Any pictures in the records below must be left out when you repeat the lines from the line containing "Rory Block - When" through the line containing "A black and" exactly.

Supplied information:
· · · ·
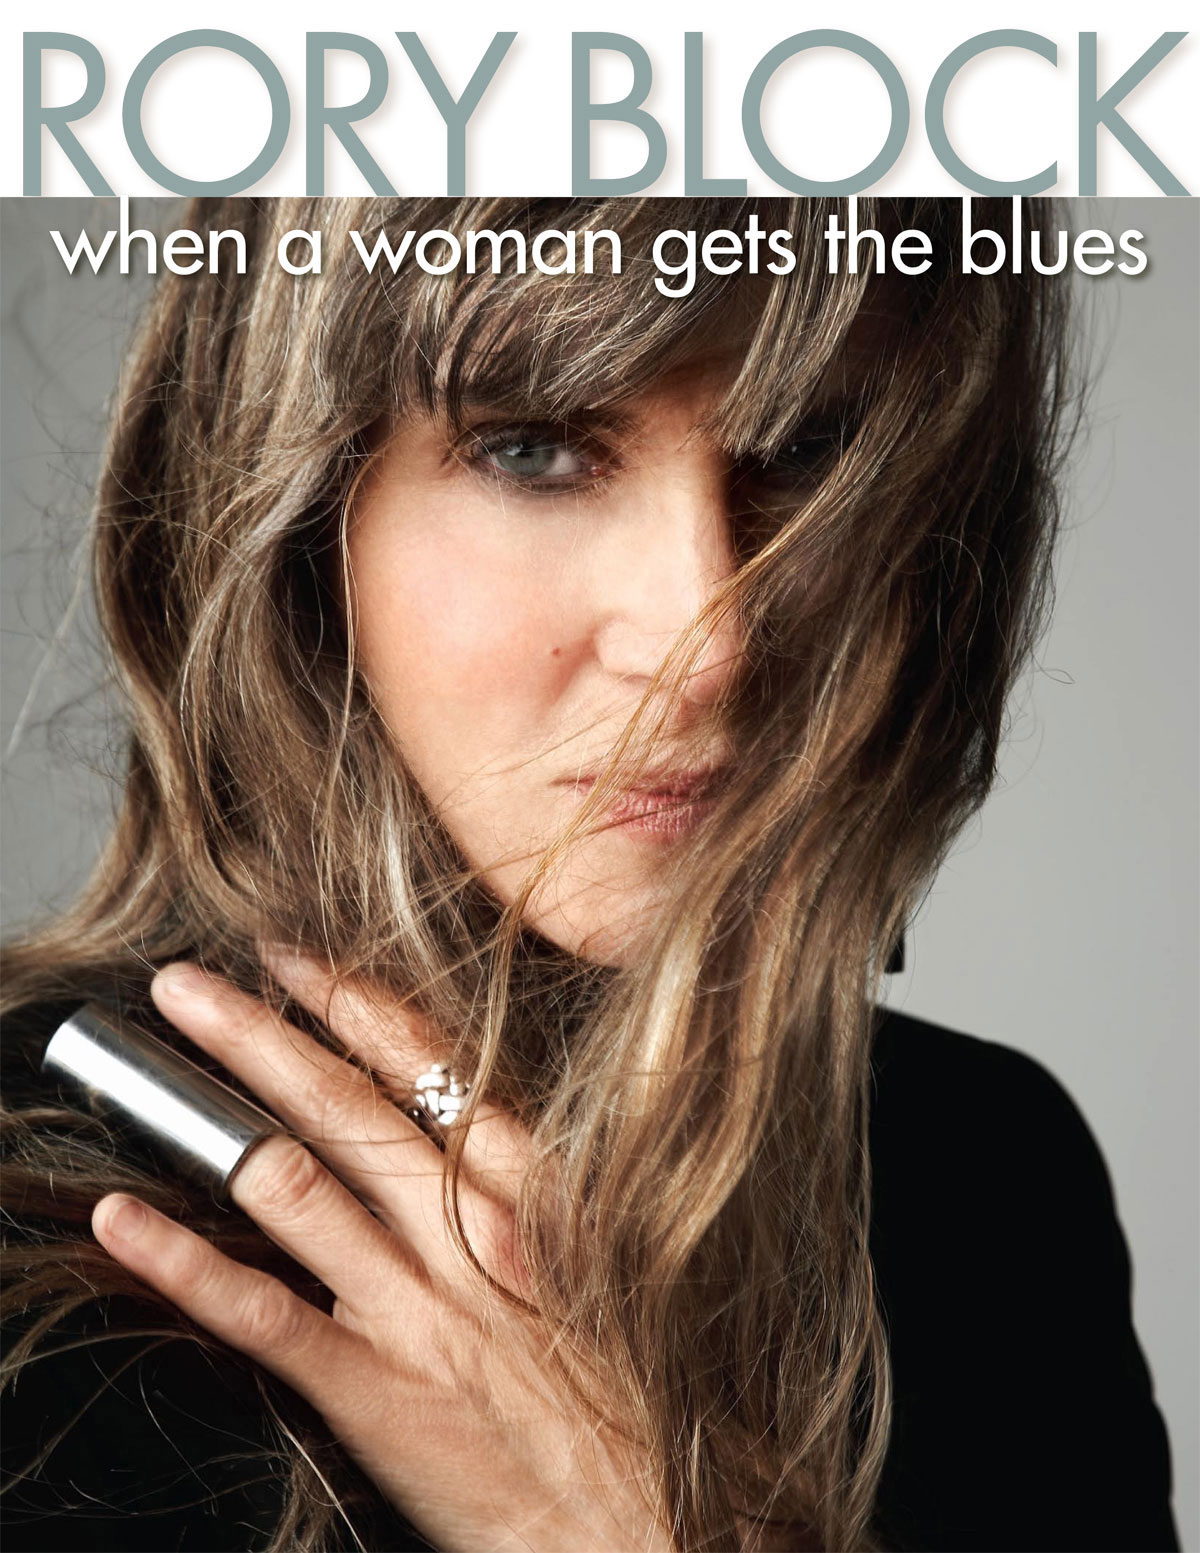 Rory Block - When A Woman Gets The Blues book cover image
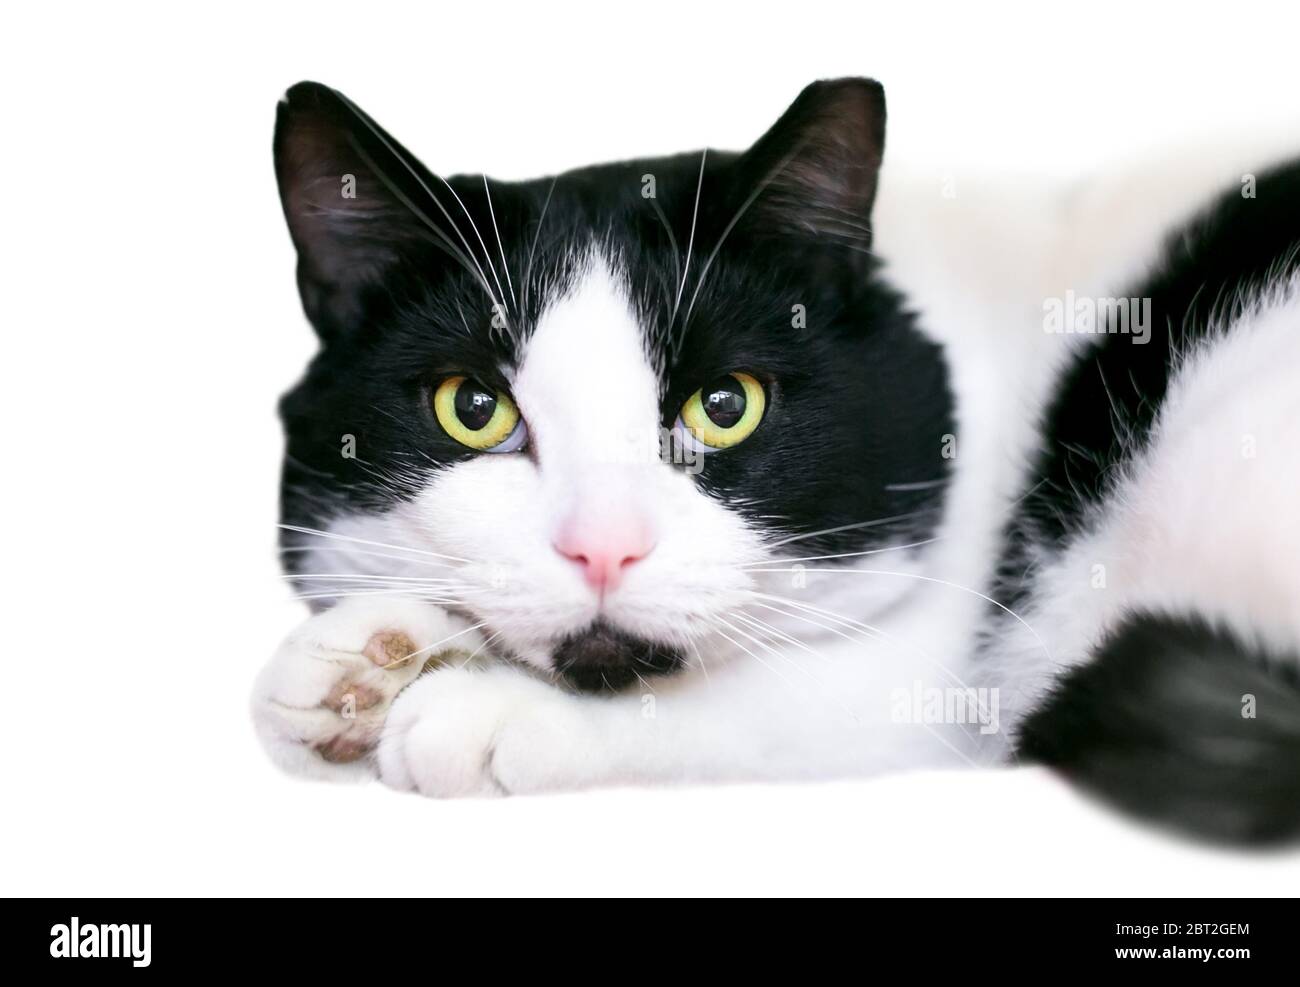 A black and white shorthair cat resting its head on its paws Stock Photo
· · · ·
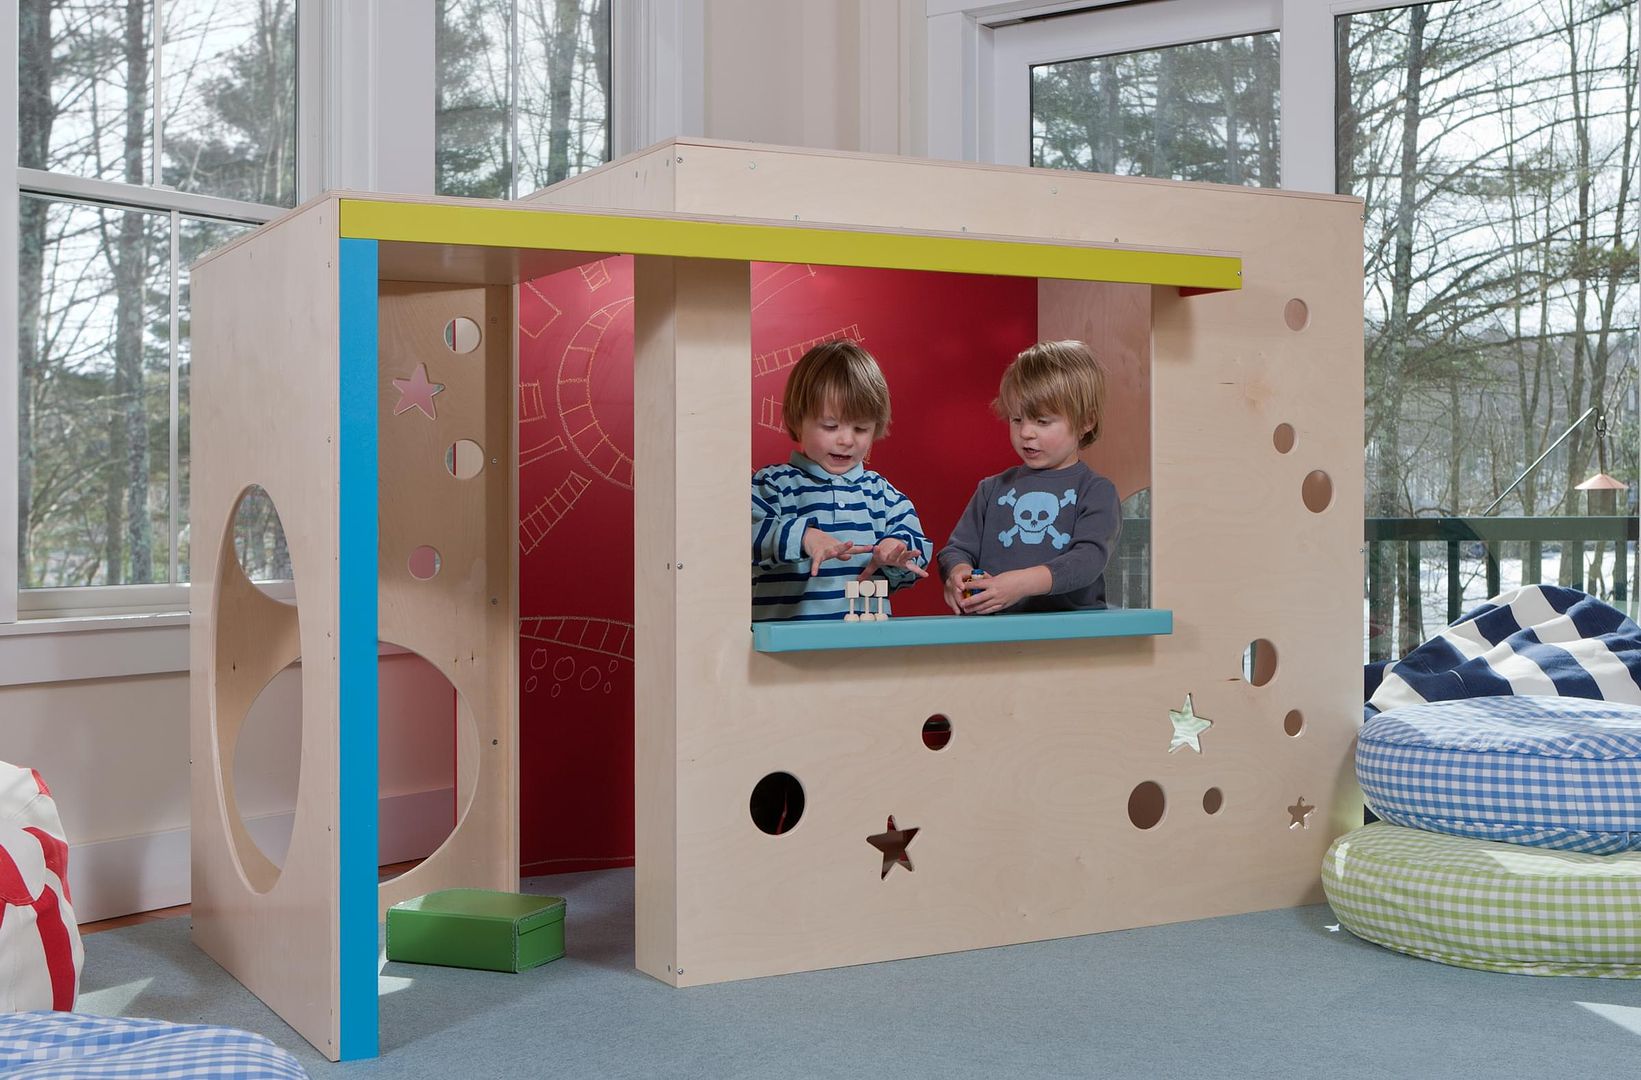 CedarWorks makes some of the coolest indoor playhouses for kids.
· · · ·
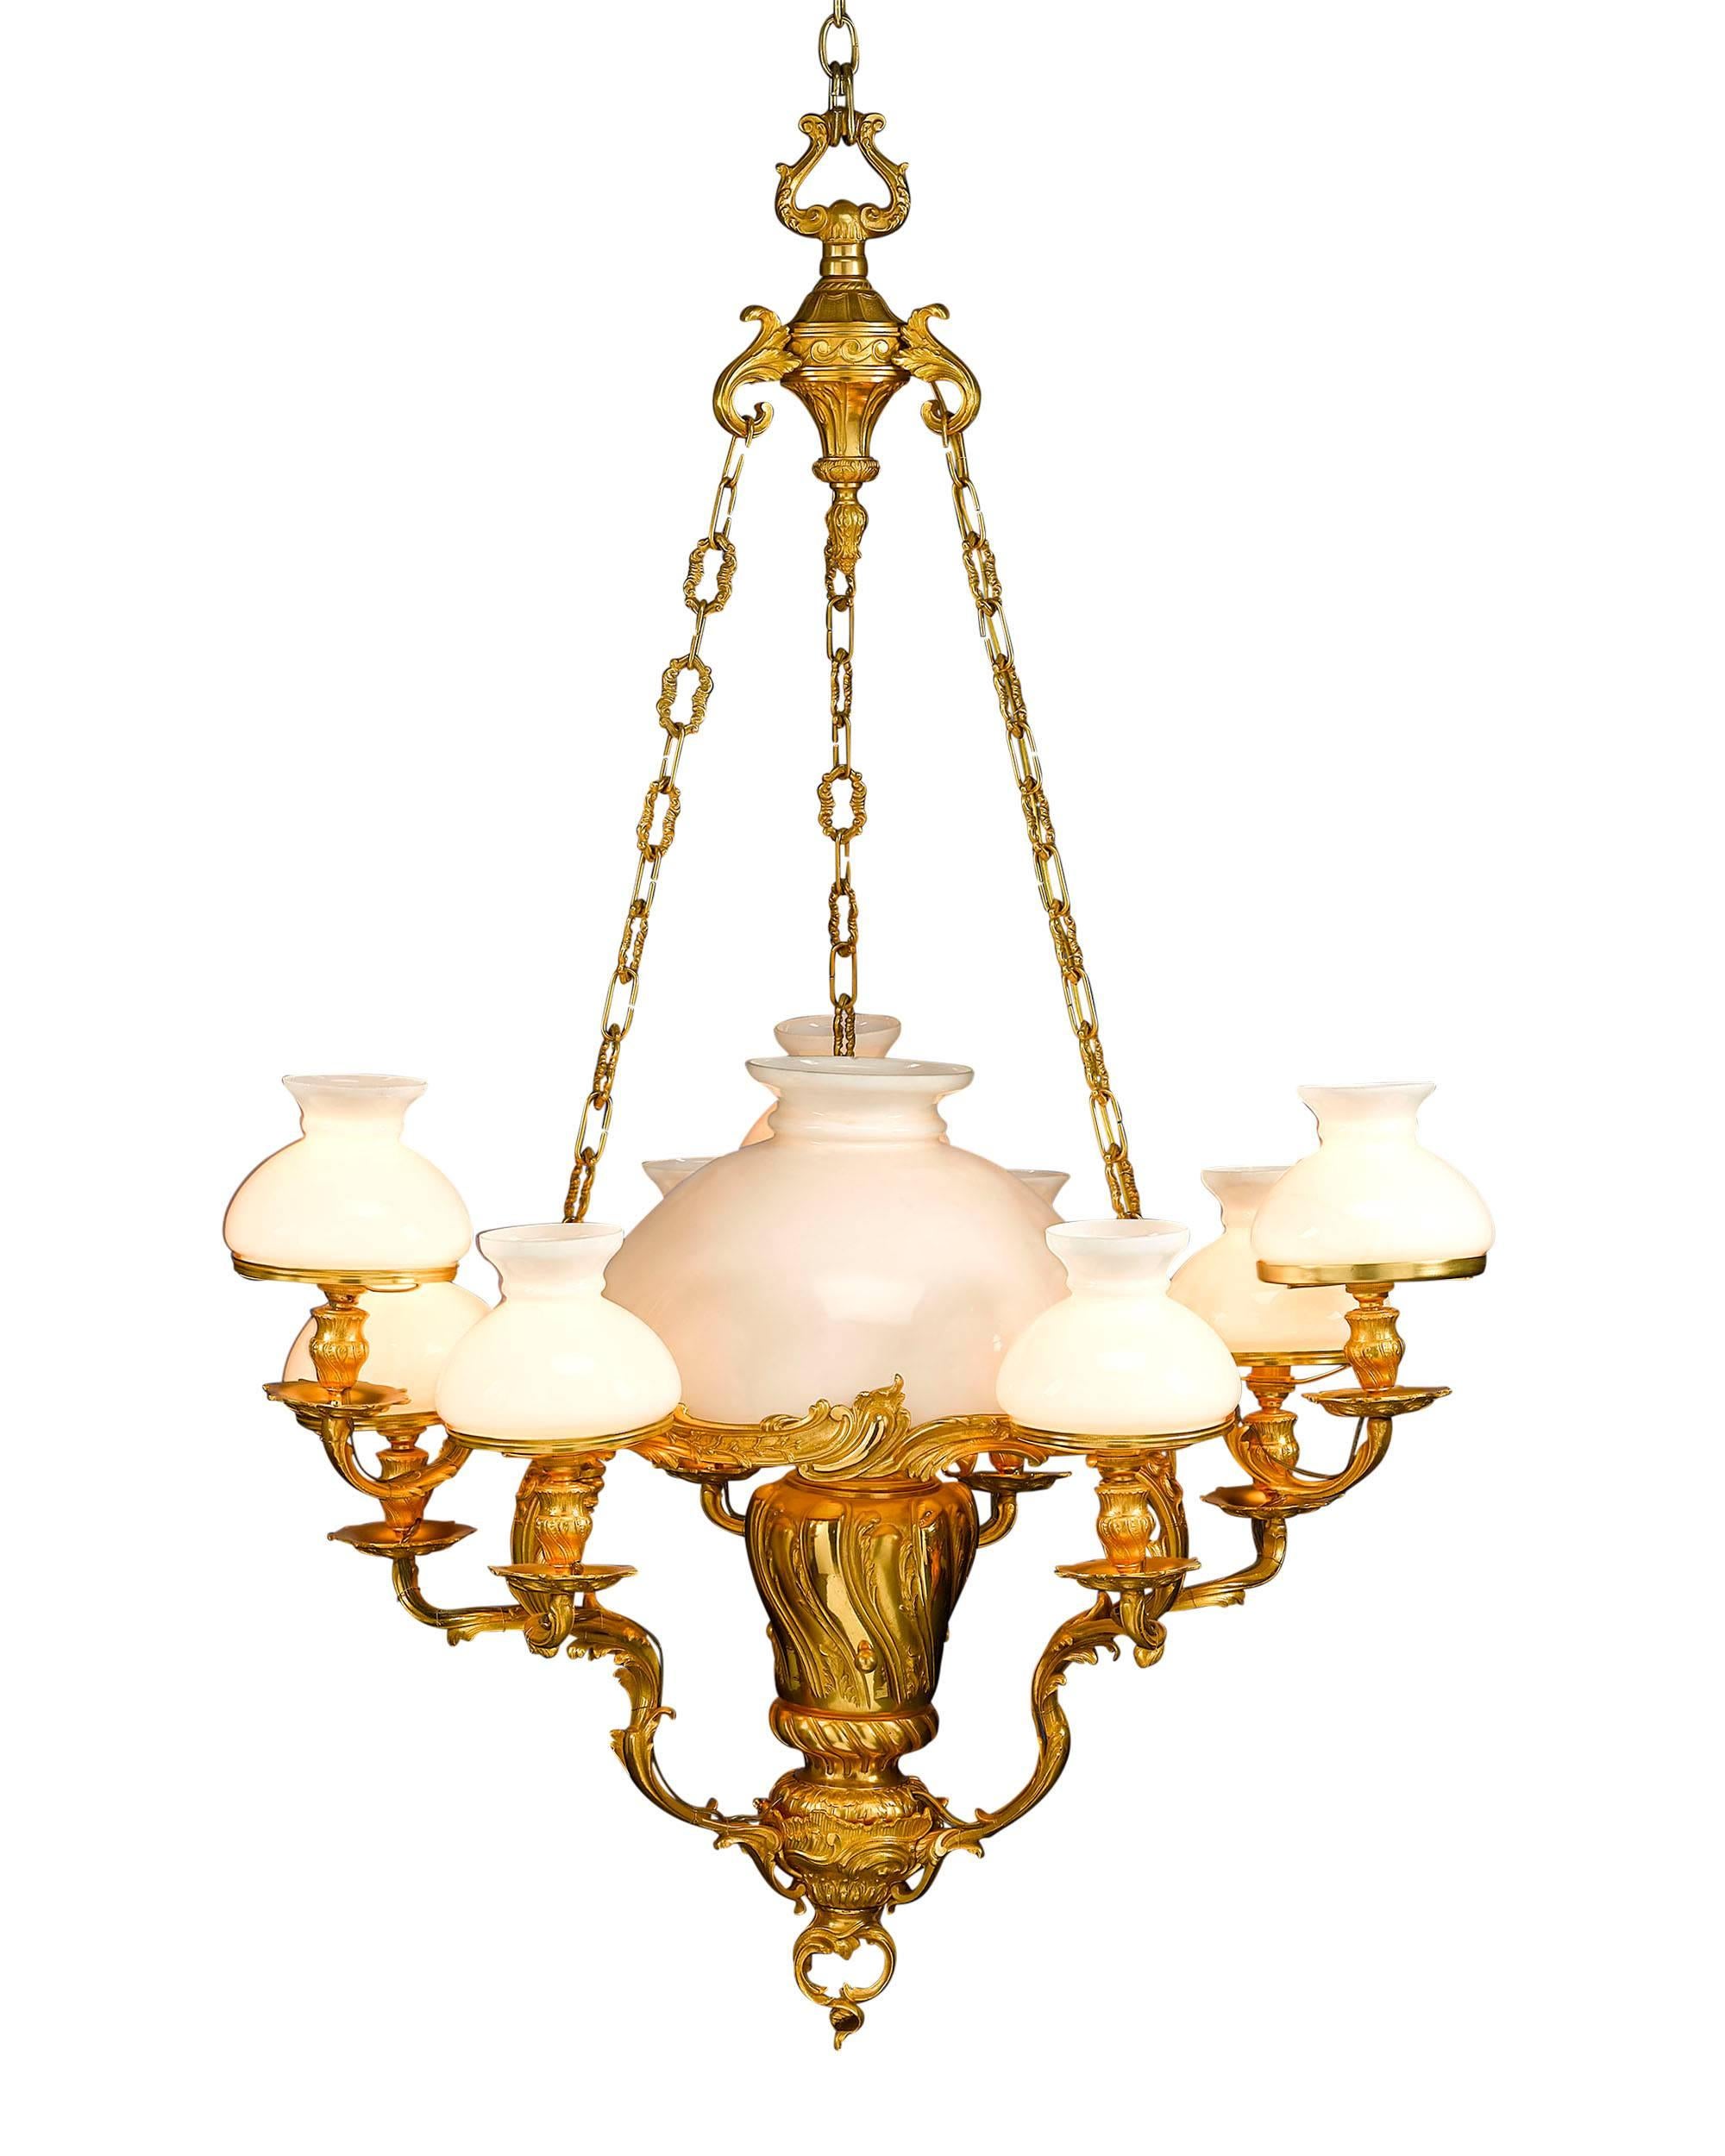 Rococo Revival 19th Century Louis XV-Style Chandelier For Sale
· · · ·
Answer area:
 Rory Block - When A Woman Gets The Blues book cover image
 A black and white shorthair cat resting its head on its paws Stock Photo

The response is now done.